Why? Windows is also not case-sensitive, so it's not like there's a near-universal convention that S3 is ignoring.

Case sensitivity in file names is surprising even to non-technical people. If someone says they sent you "Book Draft 1.docx" and you check your email to find "Book draft 1.docx," you don't say, "Hey! I think you sent me the wrong file!"

Casing is usually not meaningful even in written language. "Hi, how are you?" means the same thing as "hi, how are you?" Uppercase changes meaning only when distinguishing between proper and common nouns, which is rarely a concern we have with file names anyway.



> If someone says they sent you "Book Draft 1.docx" and you check your email to find "Book draft 1.docx," you don't say, "Hey! I think you sent me the wrong file!"

But you also wouldn't say that if they sent "Book - Draft 1.docx", "Book Draft I.docx", "BookDraft1.docx", "Book_Draft_1.docx", or "Book Draft 1.doc", and surely you wouldn't want a filesystem to treat all of them as the same.


This is a personal reason, but the reason I prefer case sensitive directory names is I can make "logical groupings" for things. So, my python git directory might have "Projects/" and "Packages/," and the capitalization not only makes them stand out as a sort of "root path" for whatever's underneath, but the capitalization makes me conscious of the commands I'm typing with that path. I can't just autopilot a path name, I have to consciously hit shift when tab completion stops working.

That might sound like a dumb reason, but it's kept me from moving things into the wrong directory, or accidentally removing a directory multiple times in the past.

I also use Windows regularly and it really isn't a hindrance, so maybe I wouldn't actually be bothered if everything was case sensitive.


TBF, you don't need case sensitive FS for that, just case retaining is enough. And then have the option on how to sort it.

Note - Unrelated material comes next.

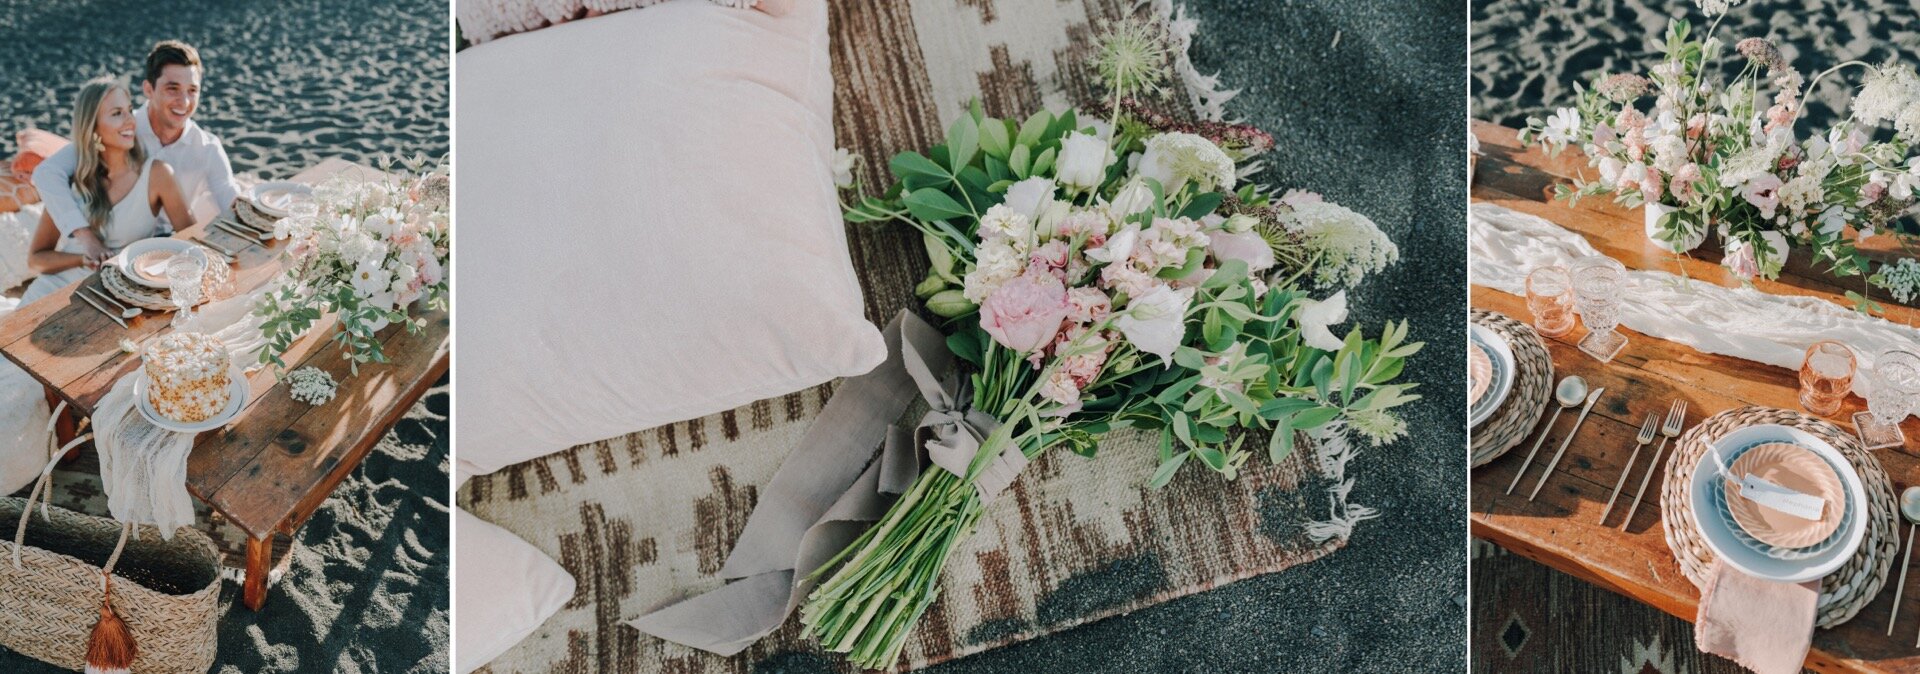 North Shore Elopement | Minne Floral Co. | Hannah Ampe Photography | Style Society MPLS

Don't you need case sensitivity for this part?

> I can't just autopilot a path name, I have to consciously hit shift when tab completion stops working.

On a system that's case retaining but not case sensitive, wouldn't "pr" autocomplete to "Projects"?


No, MacOS doesn’t do that. `cat Foo` and `cat foo` will both work, but only the first one will tab complete if the file is called `Foo`.


zsh tab-completed both just fine, preserving the case in both. I’d have preferred it corrected the case, but meh.


I like it! That's a great idea.

To me, this sounds like a great practice for terminal environments but may be less intuitive when using file system apps. I could easily overlook a single letter capitalization in a GUI view of many directories. Maybe it's because at a terminal the "view" into the file system is narrow?

Now I'm wondering how I can use this in my docker images. I mean that might irritate devops. Well, maybe they'll like it too. Man, thanks for posting this.


You have to draw the line somewhere, but I do appreciate when the UI sorts "Book draft 2" before "Book draft 11". That requires nontrivial tokenization logic and inference, but simple heuristics can be right often enough to be useful.

On that note, ASCIIbetical sort is never the right answer. There is a special place in hell for any human-facing UI that sorts "Zook draft 1" between "Book draft 1" and "book draft 1".


And that line, at least for sorting, belongs firmly outside the filesystem.

Sorting is locale-dependent. Whether a letter-with-dots sorts next to letter-without-dots or somewhere completely different has no correct global answer.


I think there's a pretty big difference between how the UI orders things and how the filesystem treats things as equivalent. A filesystem treating names case sensitively doesn't prevent the UI from tokenizing the names in any other arbitrary way


Capitalization isn't part of grammar. Those examples are different strings of characters altogether.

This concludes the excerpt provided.